** Opening DATASET EXCERPT block **
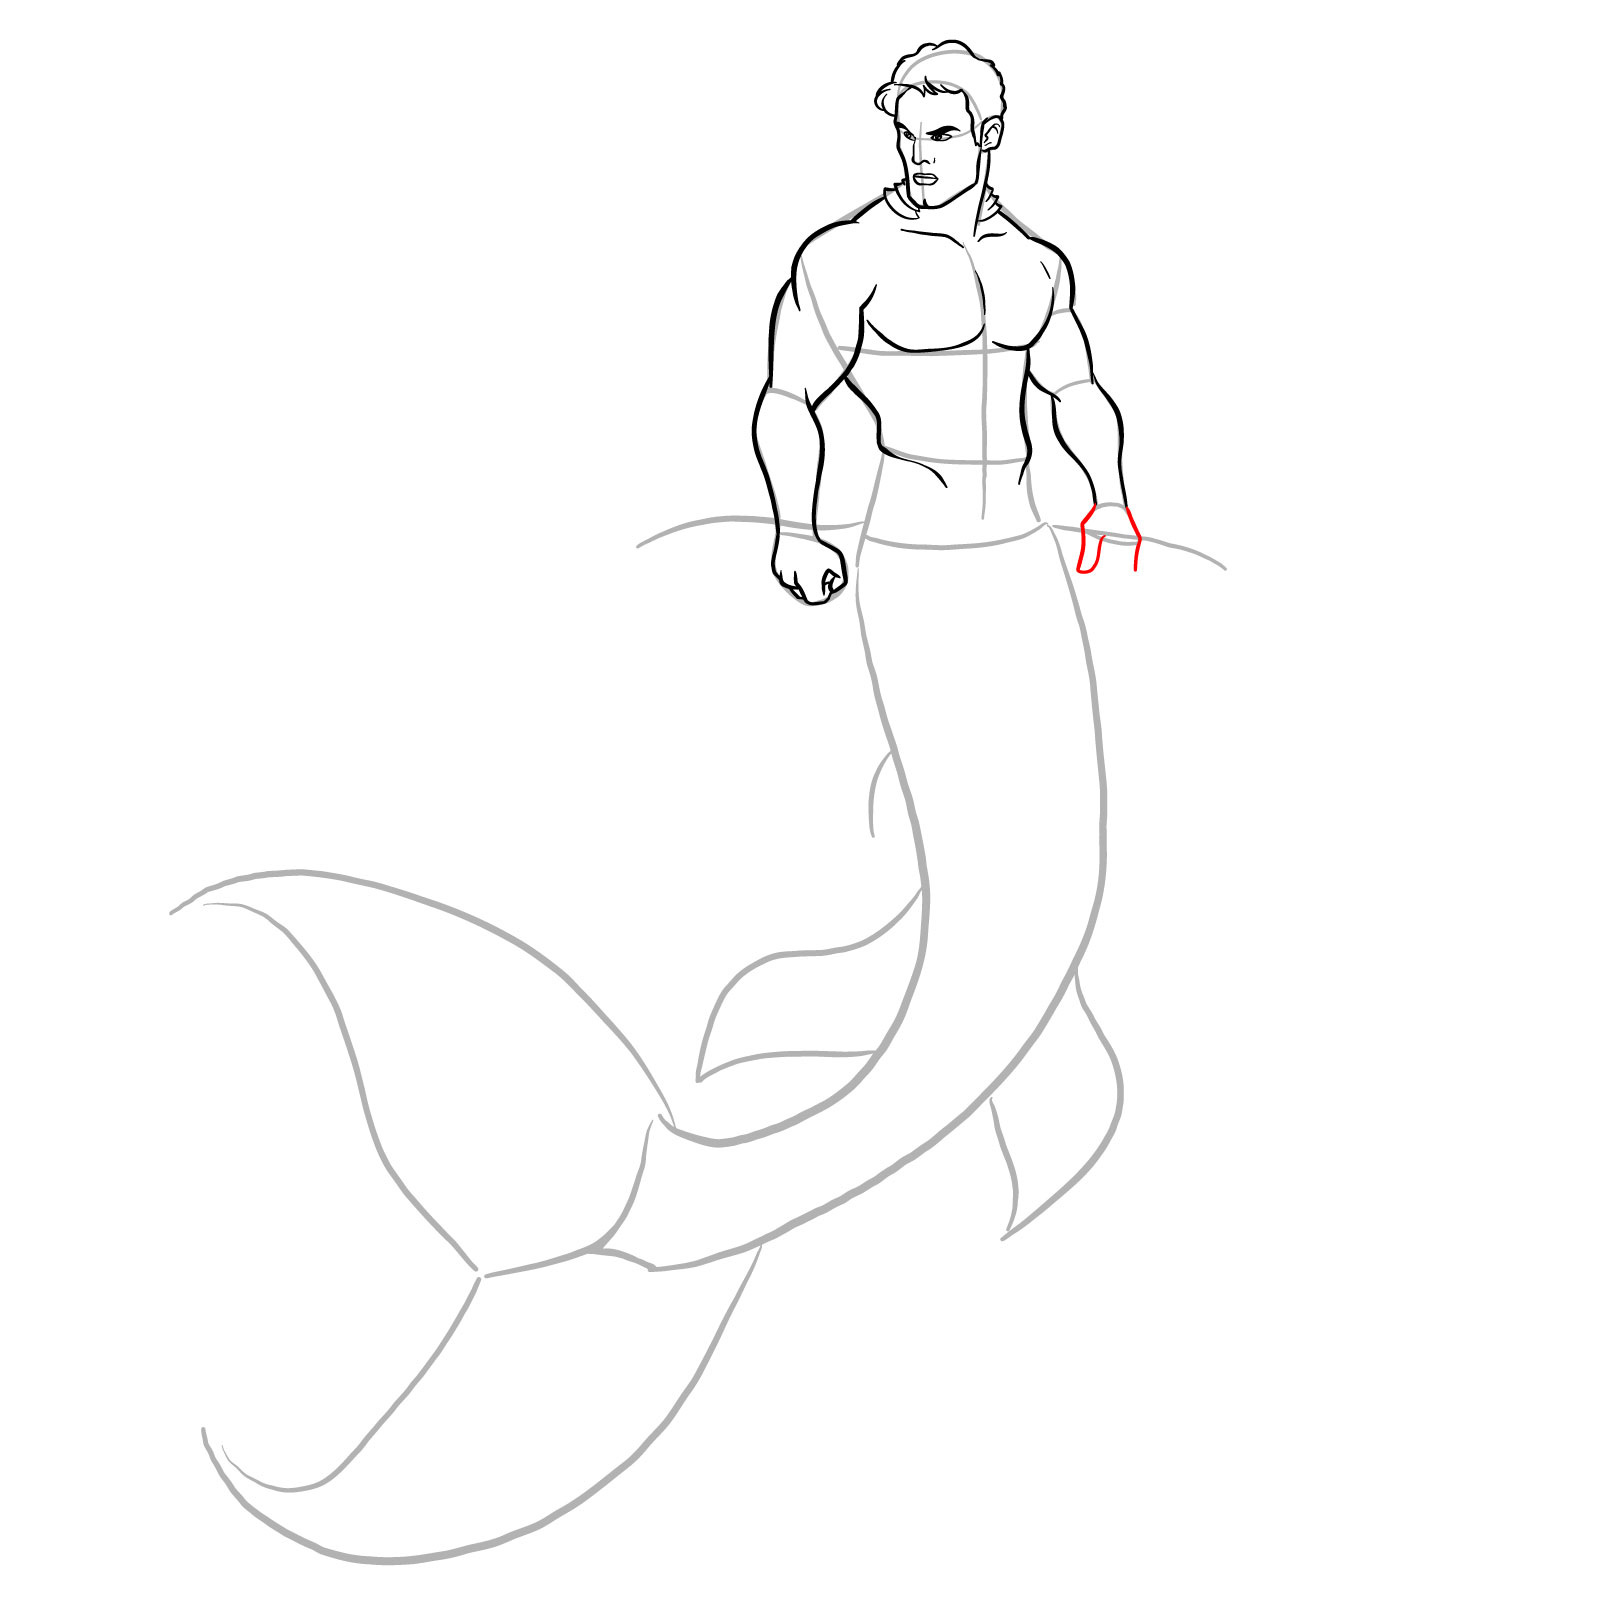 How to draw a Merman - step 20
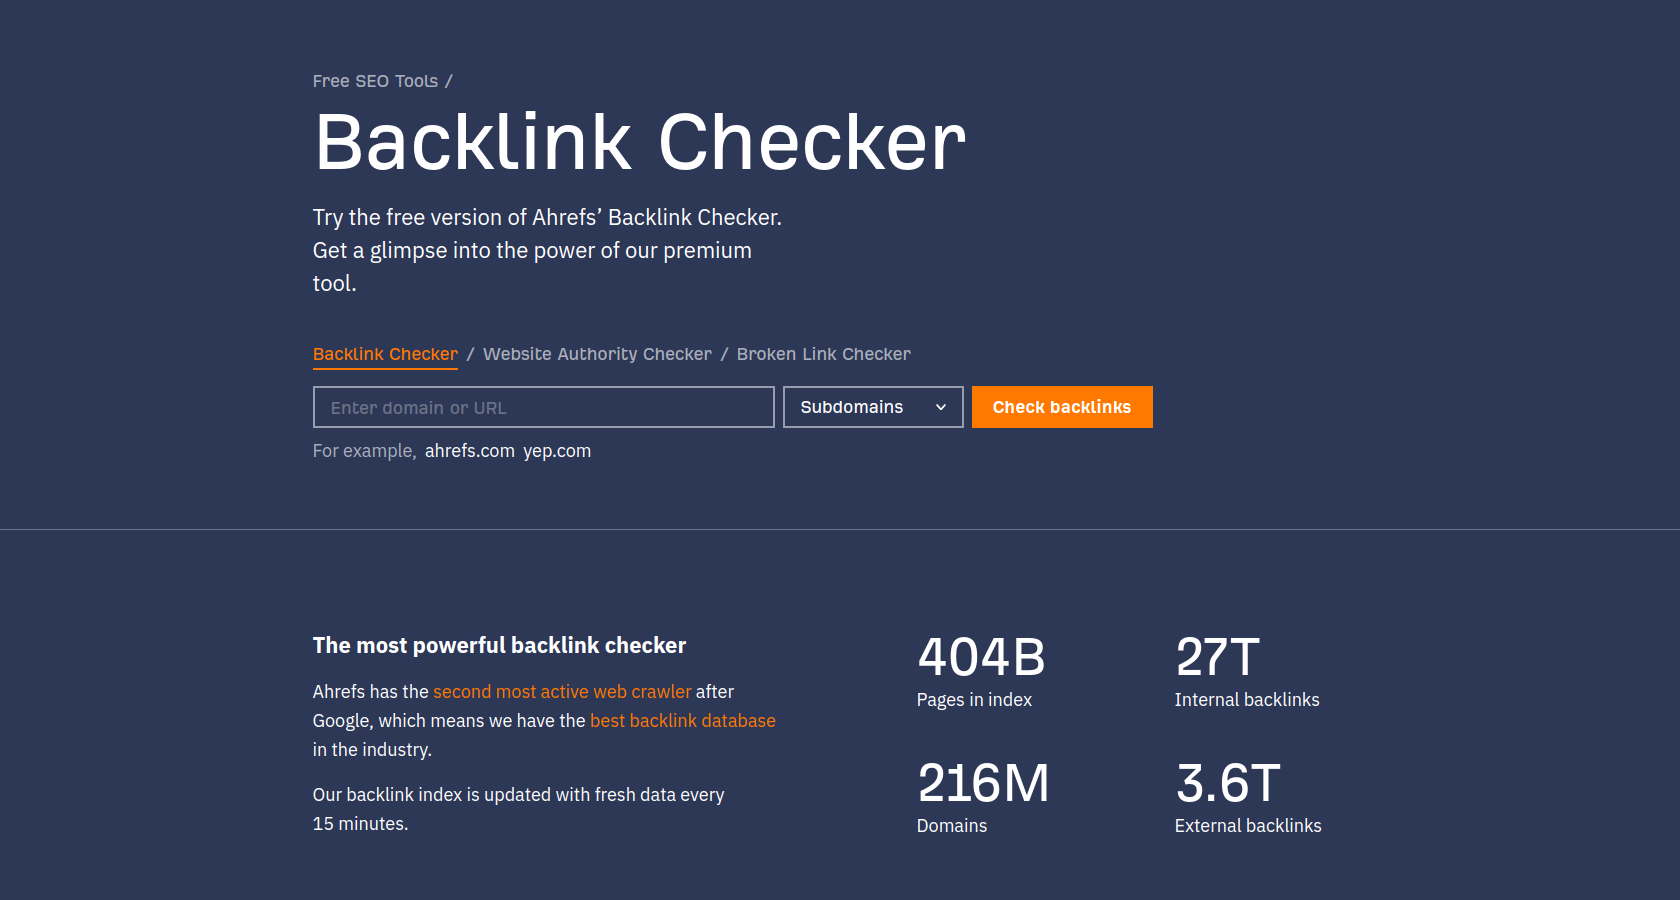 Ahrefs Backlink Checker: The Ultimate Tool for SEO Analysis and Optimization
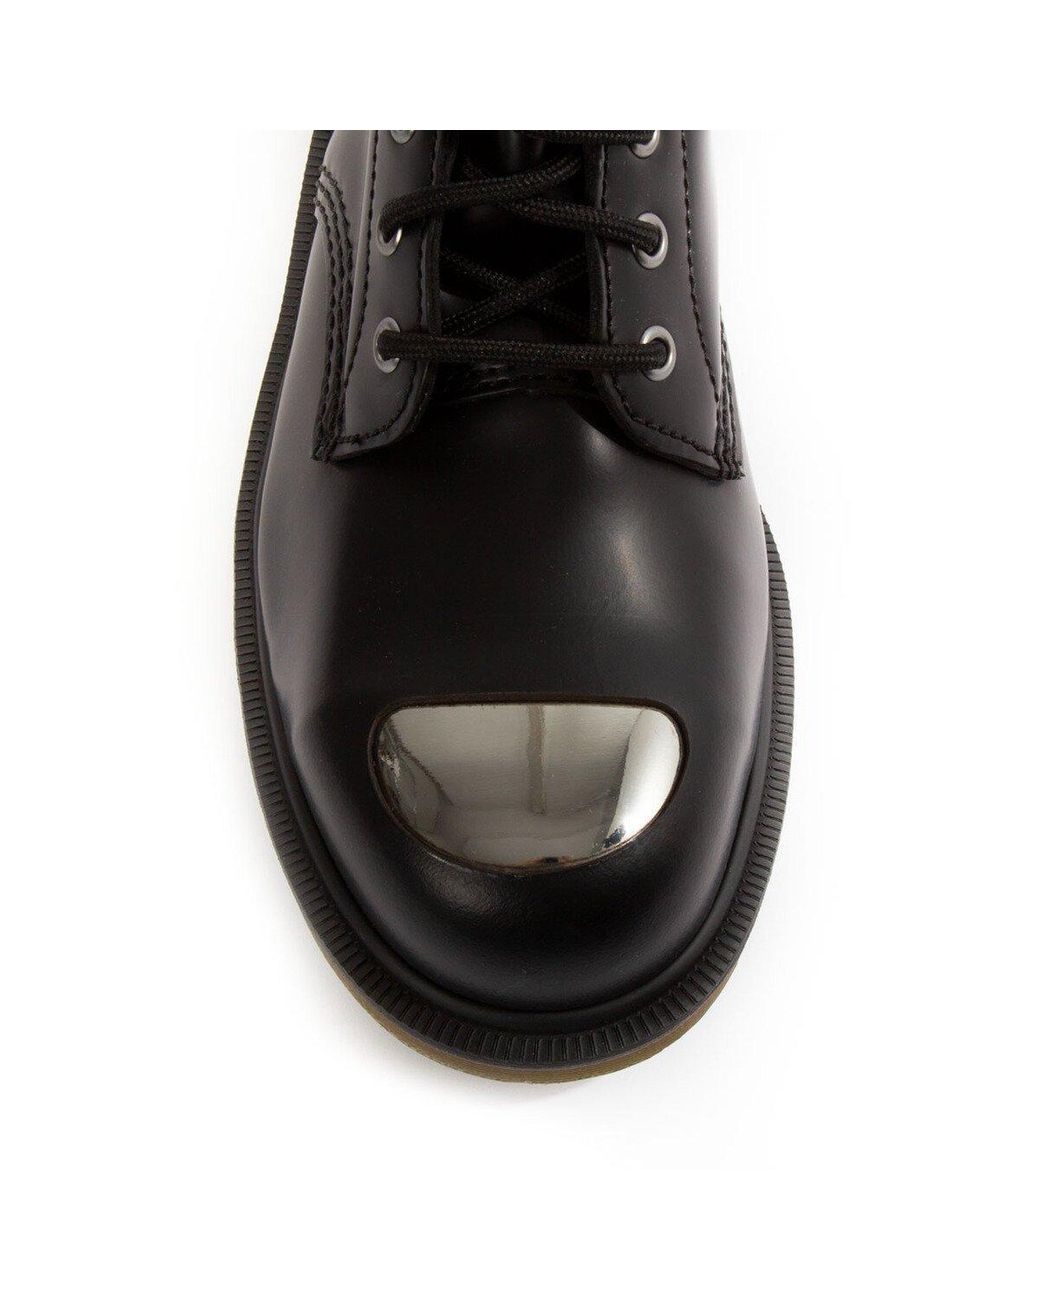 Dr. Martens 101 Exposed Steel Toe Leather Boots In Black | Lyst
** Closing DATASET EXCERPT block **
EXERCISE DIRECTIONS
Print the listing exactly, pictures excluded.

ANSWER
 How to draw a Merman - step 20
 Ahrefs Backlink Checker: The Ultimate Tool for SEO Analysis and Optimization
 Dr. Martens 101 Exposed Steel Toe Leather Boots In Black | Lyst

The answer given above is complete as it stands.